# Application of Geophysics and Geostatistics for the detection of water in the subsoil

4년 전

Greetings friends of steemit, I want to share with everyone a method used for the detection of water mobility in the subsoil through interpretation studies and practical and empirical estimates.

Geophysics has been applied for decades to the detection of hydrocarbons and minerals in the subsoil through the exploration and application of different methods to detect minerals or changes (phenomena) present at different depths through interpretations or using software such as Surfer, Petrel , IPI2Win, SGems among many others that exist that help to identify the strata in the subsoil and the interpretation of what happens in it.

For years the different technological advances have led to seek new exploration techniques that are more effective in less time and with lower expenses, for which statistics began to form a fundamental part of the study of sub-soil making interpretations and estimates of data through of previous studies made from surface without the need to drill large holes or damage the environment.

Image N° 1

Initially the data must be obtained, the easiest way to do it is through a georesistivimeter by means of which an electrical impulse is provided in the ground that travels long distances detecting all the interruptions that are found, these impulses are supplied through of emitting electrodes and collected by receiving electrodes having a distribution according to the method as shown in Image No. 2.

Image N° 2: Emission and reception of subsoil data

The electrodes are connected with the georesistivímetro through a series of cables that allow to induce the current in the terrain and receive the potential deferenciales so that through a particular method the mathematical calculations to be used in this way can be determined to obtain the value of the apparent resistivity of the terrain. One of the methods used is the Wernner-Schlumberger Method and the distribution of image No. 3 and Formula No. 1 is used to obtain the resistivity of the ground.

Image N° 3: Distribution and separation of surface electrodes

Formula N ° 1: Apparent soil resistivity

Being:
ρa: Apparent soil resistivity.
I: Current supplied to the external electrodes.
∆V: Difference of electric potential received in electrodes M and N.
K: Penetration factor or device coefficient.

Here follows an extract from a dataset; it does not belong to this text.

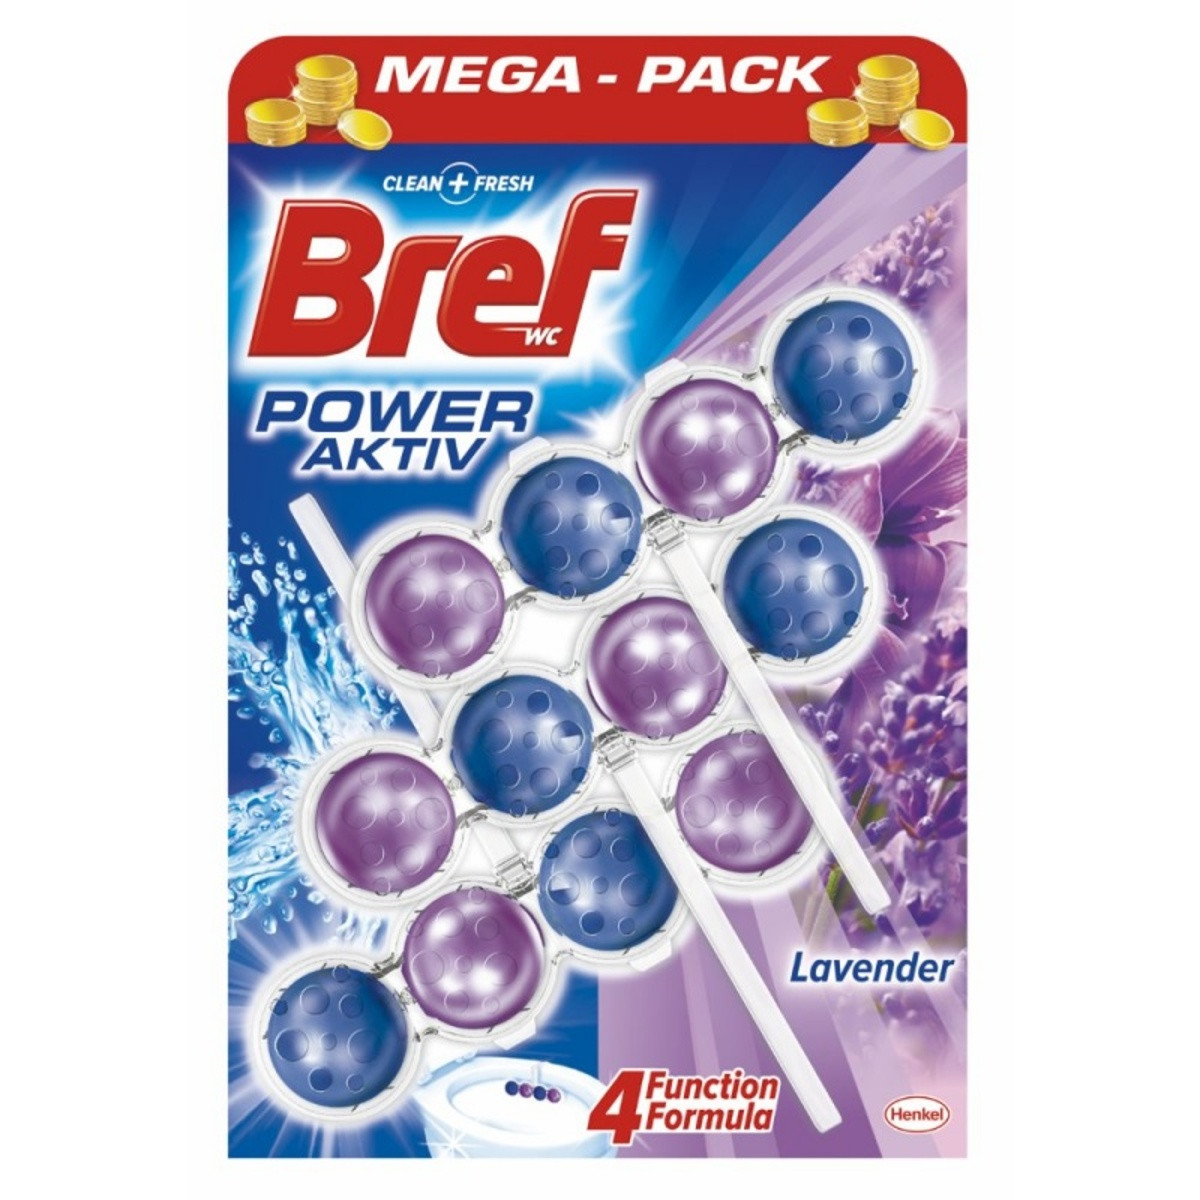 Кульки для унітазу Bref power aktiv lavender 3x50 г

For the determination of the penetration factor or coefficient of the device (K), the expression of formula No. 2 was used.

Formula N ° 2: Penetration Factor

Being:
a: Existing distance in meters between the M and N receiver electrodes.
na: Distance of separation in meters between the M or N receiving electrode to the current emitting electrode A or B.

The electrodes must be inserted well in the ground and take all the necessary data according to the chosen method to have an interpretation according to the reality of the terrain and establish how many layers of the subsoil were detected with the test, in this way obtain interpretations as shown in Image No. 4, which will explain how to make them in other future publications.

Image N° 4: Interpretation of the apparent resistivity in the field with IPI2Win

After the data collection, there are values separated from each other by the terrain, leaving space in the terrain without having any knowledge of its geological or structural environment that can be seen as in Figure N ° 5 when they are plotted in 3D:

Image N° 5: 3D modeling with SGems of the obtained data

Therefore, to save time, effort and money, geostatistics is applied, which allows estimating data values in places where information is not available through data obtained on the surface, extrapolating information by means of empirical methods and estimation already established as the Kriging or Co-Kriging according to the amount of variables present in the study.

Image N° 6: 3D modeling with SGems of extrapolated data in terrain locations where data was not available

Once the estimations are obtained, gestational interpretations of the behavior of the water in the land are obtained starting from the apparent resistivities of the water in function to the resistivity of the land and the distribution of this in the environment as shown in the image N ° 7.

Image N° 7: 3D modeling with SGems of the data interpreted from Co-Kriging for apparent resistivity

Where between more blue the water is purer and sweeter and between more red it is brackish water with high conductivities.

To establish the mobility of water in the subsoil, different software can be used to treat the data and integrate them into a set of simulations that help identify the environment and its future projections as identified in Image No. 8.

Image N° 8: Modeling the mobility of water in the subsoil obtained with Modflow

Having as results simulations of the behavior of the water environment of the aquifers present in any area that is carried out the study through applications and geophysical and geostatistical methods with use of time, effort and investment.

The geophysical and geostatistical methods and interpretations have become fundamental companions in the study of minerals, aquifers and hydrocarbons, since they allow obtaining results in less time and with minor investments in money and effort of the personnel. The work is broad and you should have a futuristic view of the behavior to determine if it is feasible or not to exploit or exploit the resource that is in place.